The security thread, updated.
Most of this manual was written against the agent-security model of about eighteen months ago. That model was: keep your prompts clean, check tool outputs, watch for jailbreaks, and don't let any agent do something it shouldn't. The trust, guardrails, control plane, and adversarial chapters all teach pieces of that model. None of them is wrong. All of them are incomplete now.
The threat surface has moved. Two specific attacks shown in late 2025, plus the research that followed them, made it clear that agent security is no longer a single-call problem. It's a multi-hop delegation problem, and the field has converged on what the fix needs to look like, even though the fix isn't standardized yet. This chapter names the attacks, explains the pattern they share, and walks through what the next layer looks like. Everything below is grounded in research published in the last twelve months.

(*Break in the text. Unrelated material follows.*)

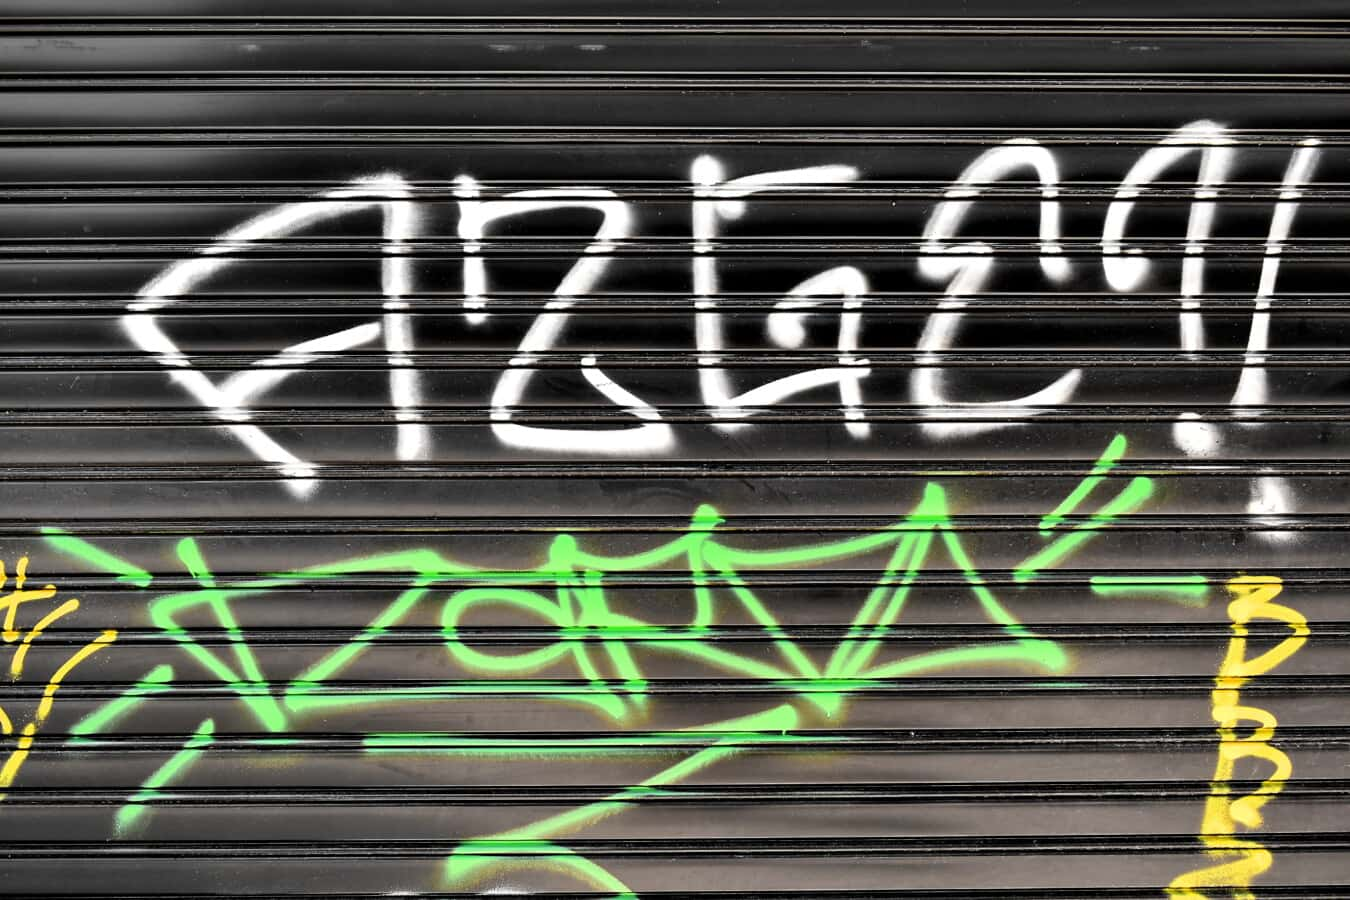 abstract, graffiti, sign, metal, vandalism, urban area, pattern, design, line, art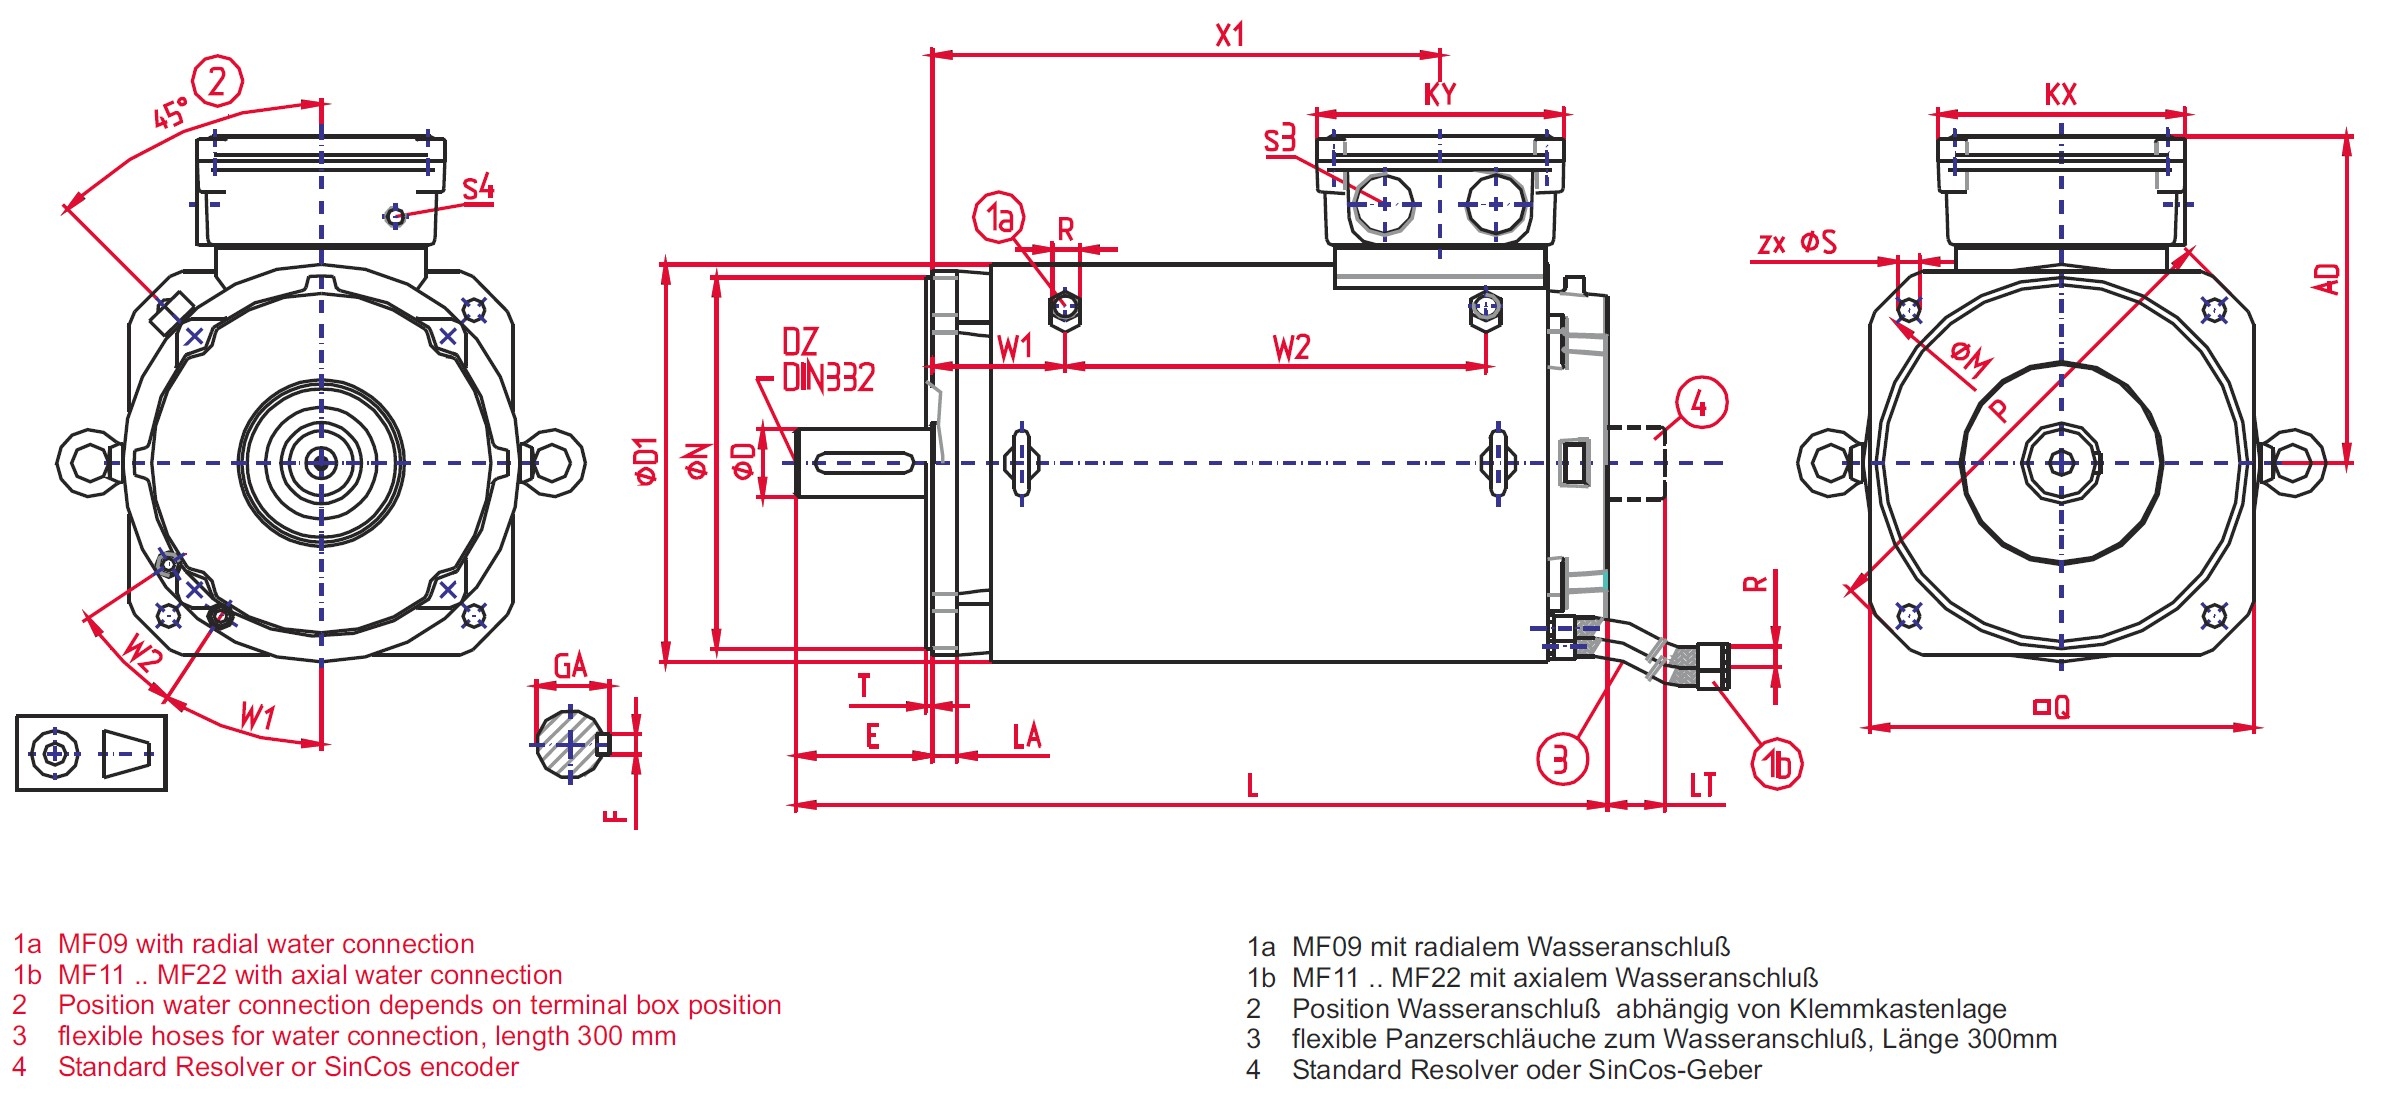 3 Phase Motor Wiring Diagram Electric Baldor To Dayton Oswald Mf Synchronous Motors Ponents Of

The two attacks that named the problem
In September 2025, security researcher Johann Rehberger published an attack he called Cross-Agent Privilege Escalation Rehberger 2025. The setup is simple: two agents are running on the same machine. GitHub Copilot is one. Claude Code is the other. They share the file system. Rehberger showed that if you can compromise one agent through a prompt injection, you can use it to write into the other agent's configuration files. The next time the second agent starts up, it loads the poisoned config and runs whatever the attacker wanted. The first agent compromised the second one without ever directly talking to it.
Two months later, Palo Alto's Unit 42 published Agent Session Smuggling Unit 42 2025. This one targets agents that talk to each other over the Agent2Agent (A2A) protocol. A2A is stateful, which means agents in a session remember what they've said to each other. Unit 42's researchers showed that a malicious agent in a session can slip extra instructions in between the legitimate back-and-forth, and the receiving agent will pick them up as if they were part of the original conversation. They demonstrated a research-assistant agent quietly steering a financial-assistant agent into making unauthorized stock trades. The end user saw none of it.
These two attacks look different. They share one root cause. The protocols that manage trust between agents weren't designed for a world where agents reason, delegate to each other, and spawn other agents to do work. The trust mechanisms in this manual's earlier chapters are correct for an agent acting on its own; they aren't enough for an agent passing work to another agent passing work to a third one.
The pattern: multi-hop delegation
Almost every interesting agent system today is built on task decomposition. A primary agent gets a request, breaks it into smaller tasks, hands those off to specialist agents, and those specialists may hand work off to others CSA 2026. Each handoff crosses a trust boundary. At each handoff, authority gets passed along, and unless something stops it, the authority gets passed along at full strength.
This is the multi-hop delegation problem, and it's where most of 2026's biggest agent security incidents trace back to. Some examples:
- An agent gets a request. It calls a sub-agent. The sub-agent calls a third one. By the time something goes wrong, nobody can prove which step authorized which action.
- The original user said "look up flight prices." Three hops later, an agent is buying tickets. Each hop in isolation looked fine.
- An audit log shows agents X, Y, and Z each performed legal actions. The chain of who-asked-whom-to-do-what is missing.
The OWASP Top 10 for Agentic Applications, published in December 2025, names this directly OWASP 2026. It introduces the concept of least agency: only grant agents the minimum freedom they need to do safe, bounded tasks. That's the spiritual successor of "least privilege" from older security frameworks, with one important difference: it isn't just about what an agent can access, it's about how much room it has to act without checking back in.
What a fix has to do
The Cloud Security Alliance laid out four things any fix has to provide CSA 2026. They're worth knowing by name because the IETF drafts and shipping libraries below all line up against them.
When agent A passes work to agent B, B can never end up with more authority than A had. If A could read this file, B can read this file. If A could not write to it, B cannot write to it either, even if B has its own permissions that would otherwise allow it. Authority only goes down across hops, never up.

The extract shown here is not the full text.